Прежде чем заглянуть в следующее окно, полковник вдохнул поглубже. Это было окно в его детство. В детскую. Здесь жалюзи сжимались плотнее и позволяли рассмотреть лишь часть пола, да еще поверхность стола у самого окна. На голой исцарапанной столешнице лежали старые журналы, штук десять – «Сахарная промышленность». Один журнал желтел распахнутым разворотом. Ни бабушка, ни дед такое не читали – значит, сахарной промышленностью интересовался новый жилец. На видимом участке цементного пола полковник узнал несколько выбоин и глубоких царапин, врезавшихся в его мозг навсегда, как в этот цемент. Бабушка драила полы с мылом раз в неделю по субботам, но царапины от этого не сглаживались. Полковник снова вернулся взглядом к журналам. Что-то там его зацепило, что-то было нацарапано карандашом на полях открытой страницы. Всего несколько слов, которые он видел перевернутыми. С трудом удалось разобрать: «Она не знала, что через триста лет черные тоже будут есть сахар!!!» Три восклицательных знака.

Полковник попытался провернуть рукой жалюзи так, чтобы они стали горизонтально и можно было увидеть всю комнату, но ничего не вышло – жалюзи были зафиксированы изнутри. Он снова стал смотреть сквозь щели, нагибаясь и поднимаясь на цыпочки, но деревянные планки располагались под одним углом и позволяли видеть только то, что находилось рядом с окном. Полковник оглянулся на дорогу. Водитель стоял у машины и наблюдал настороженно за телодвижениями клиента.

– Это дом моей бабушки! У меня просто нет ключей…

Водитель покивал в ответ.

Через жалюзи был виден еще нижний угол стеллажа, где лежали стопки пыльных журналов и справочников. А на полу под нижней полкой виднелось что-то круглое, завернутое в кусок полотна. Сползший край материи открывал небольшой фрагмент этого предмета. Стараясь как можно лучше рассмотреть его, полковник уперся лбом в жалюзи так плотно, что они врезались в кожу и оставили на лбу горизонтальные полосы. Из-под материи виднелись человеческие зубы, точнее – верхняя челюсть. А весь этот круглый предмет, очевидно, был черепом. Человеческим черепом. Полковник достаточно повидал черепов, чтобы не ошибиться.

Это было уже слишком. Все это было слишком! Вчера Карлос заговорил с ним о доме и поле. Почему здесь череп – в том самом доме, возле того самого поля? Чей это теперь дом? Чей череп? Подступало знакомое ощущение катастрофы, когда начинает слегка подташнивать и во рту появляется металлический привкус.

Полковник вышел на дорогу. Водитель вглядывался в его перевернутое лицо с поперечными полосами на лбу.

– Все в порядке?

– Да…

– Может, позвонить бабушке? Есть у нее мобильник?

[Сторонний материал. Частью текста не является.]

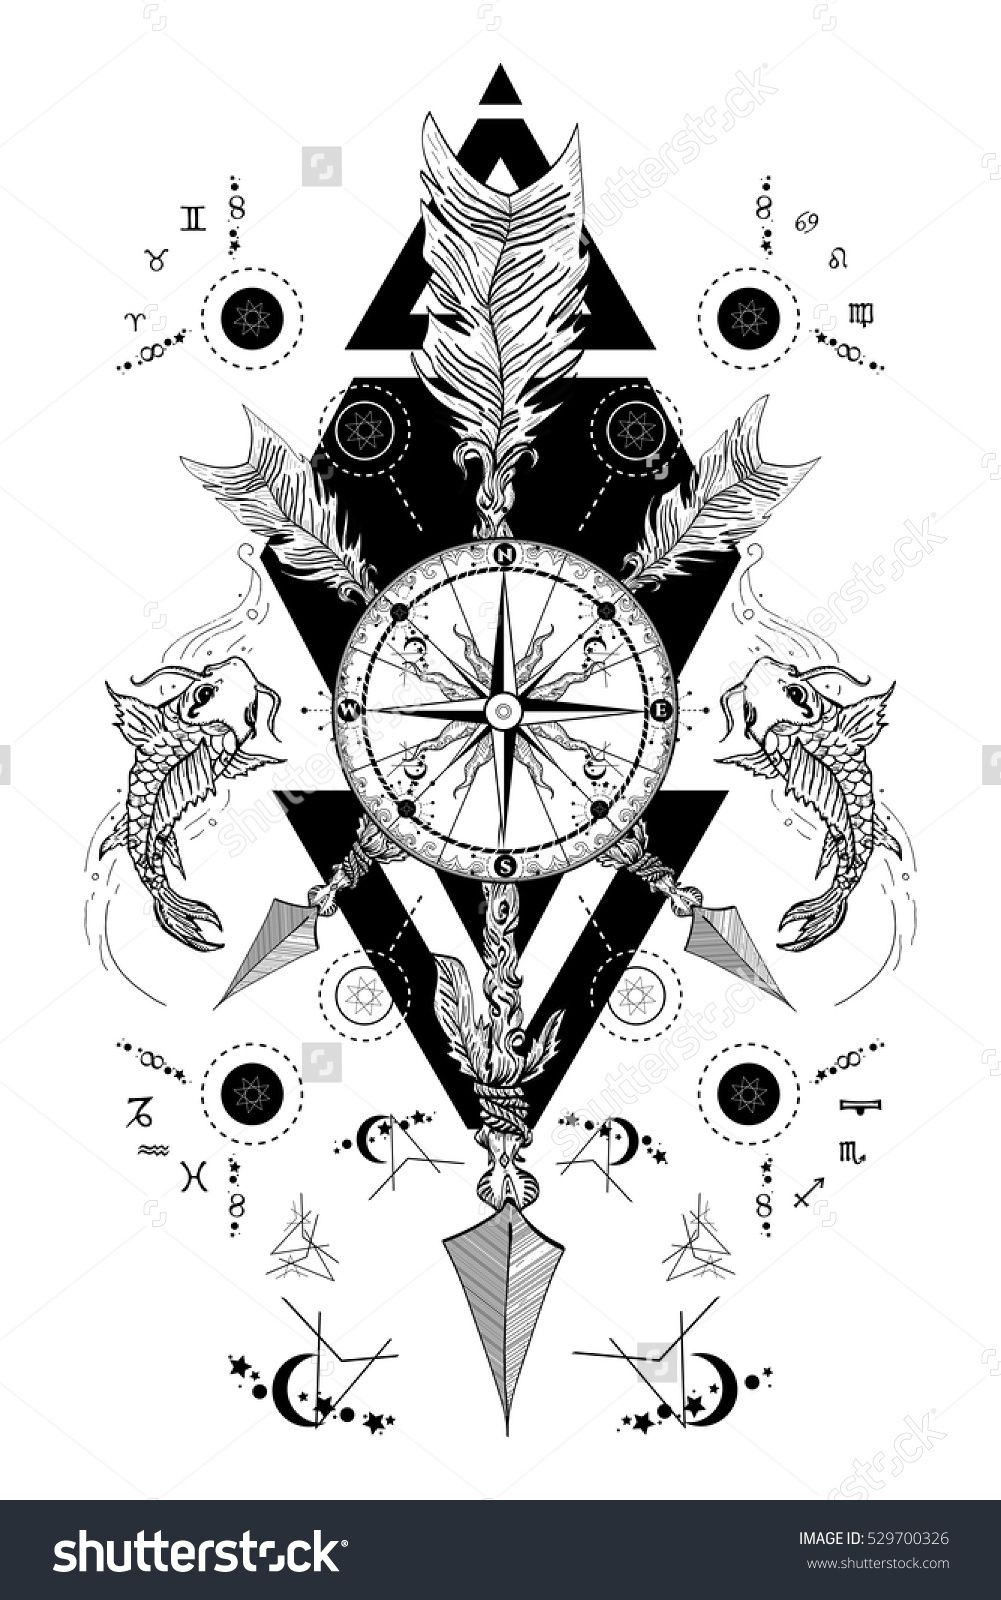 Medieval Rose Compass Carps And Crossed Arrows Tattoo Art Boho

Скрип колес. По дороге ползла повозка, запряженная двумя быками. На вершине горы тростниковых стеблей сидел парень в белой ковбойской шляпе и пропотевшей майке. Быки спали на ходу. Полковник не смог дождаться, когда они подползут, и пошел навстречу.

– Добрый день! Скажите, кто живет в этом доме?

– В каком? В этом? – переспросил парень, хотя других домов тут не было.

– В этом!

– Тут живет один мужик, но, говорят, он уехал в Гавану.

– Как его зовут?

– Я не знаю. Он один здесь живет.

– Как он выглядит?

Полковник шел рядом с повозкой. Парень посмотрел на него с высоты и пожал плечами.

– Ну, такой… старый…

– У него голова в ожогах?

– А… Да… Говорят, в него молния попала…

Полковник остолбенел, будто это его поразила молния.

7

Она не знала, что через триста лет черные тоже будут есть сахар. Кто же мог представить себе такое?

Первый раз она попробовала сахар в четырнадцать лет, когда ее изнасиловал надсмотрщик. Алиока шла вдоль ручья, несла мешок кабачков; он подъехал верхом, слез с коня и встал перед ней на тропе. Солнце уже садилось, вокруг не было ни души, и она поняла, что сейчас это случится. Уже несколько дней надсмотрщик Игнасио поглядывал на ее ноги, когда она, подоткнув подол, кланялась кабачкам на грядках.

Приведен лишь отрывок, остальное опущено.